While Alexander is playing his scene, a soldier tries to incite a mutiny. Andreyev has Alexander whip the solider in the face, just as he did in the past. With this, Sternberg now shifts the ultimate inauthenticity of these theatrics to someone actually real. Through this messiness of reality and illustion, we are now contemplating the thinly veiled line between what is real and what is fake. Just like the film itself, the story is constructed from real events. However, the messy construction of these real events creates a difficult web of understanding to parce through. This is much in the same way of life, as we are never able to wade through the melange of truth and fiction. The same can be said for the mind of Alexander as he begins to lose grip on reality. He begins to imagine himself genuienly on the battlefield again in a moment of hysteria.
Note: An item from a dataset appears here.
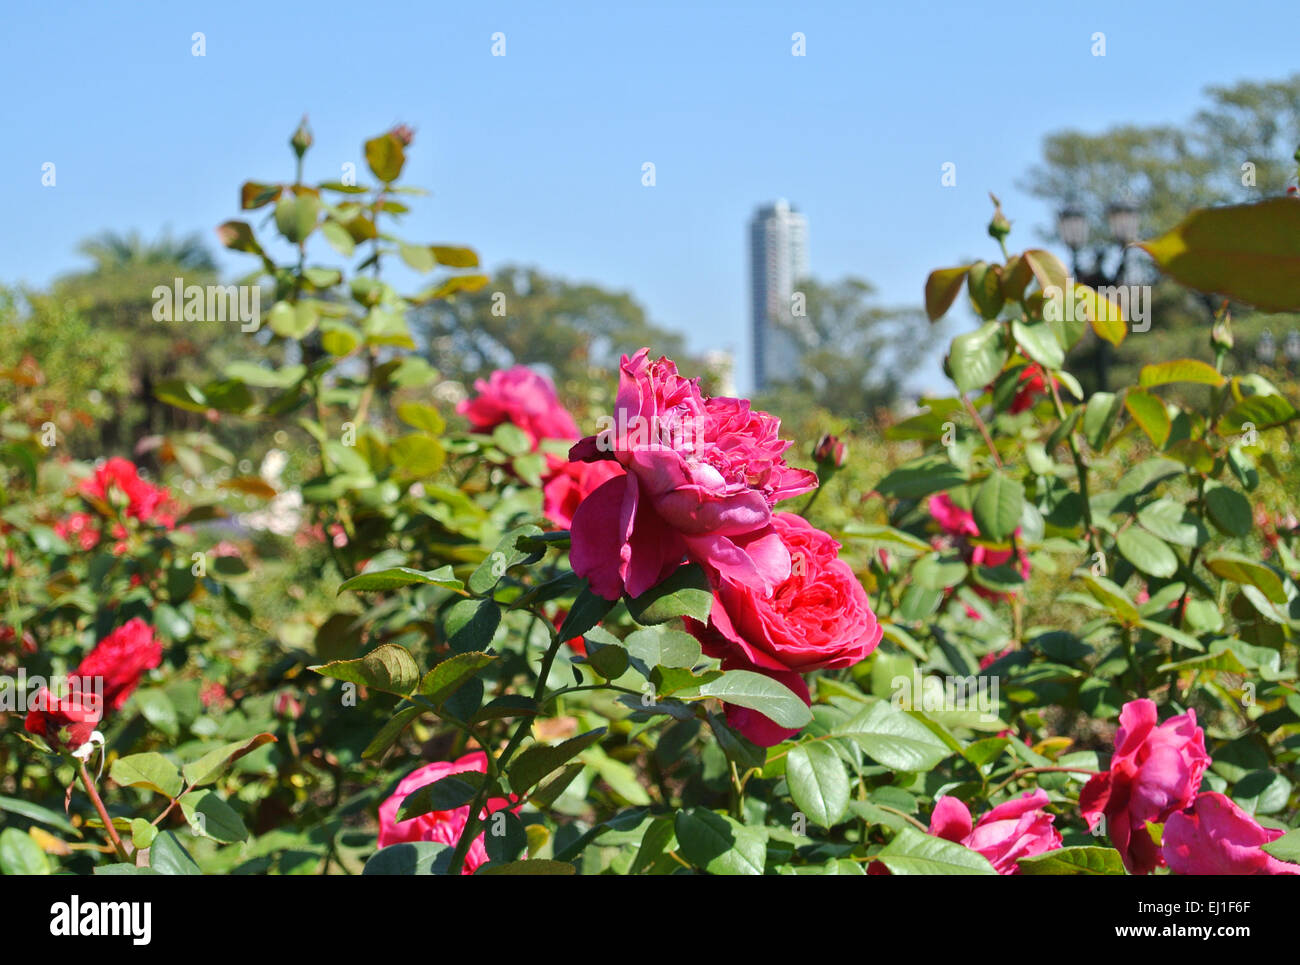 Le Rose in 'Rosendal parco". Buenos Aires, Argentina. Foto Stock

He passionately urges his men to fight until he collapses, dead. Moved, Andreyev tells his assistant, "He was more than a great actor - he was a great man." Just like all of us, Alexander was an actor - not only in his profession, but to the public. These vibrations between fact and fiction, real and fake, performances and genuinity create a contradiction that Sternberg loves to instill in his films. These contradictions force the viewer to realize that things are not black and white and more importantly, someone can be both a villian and a good man.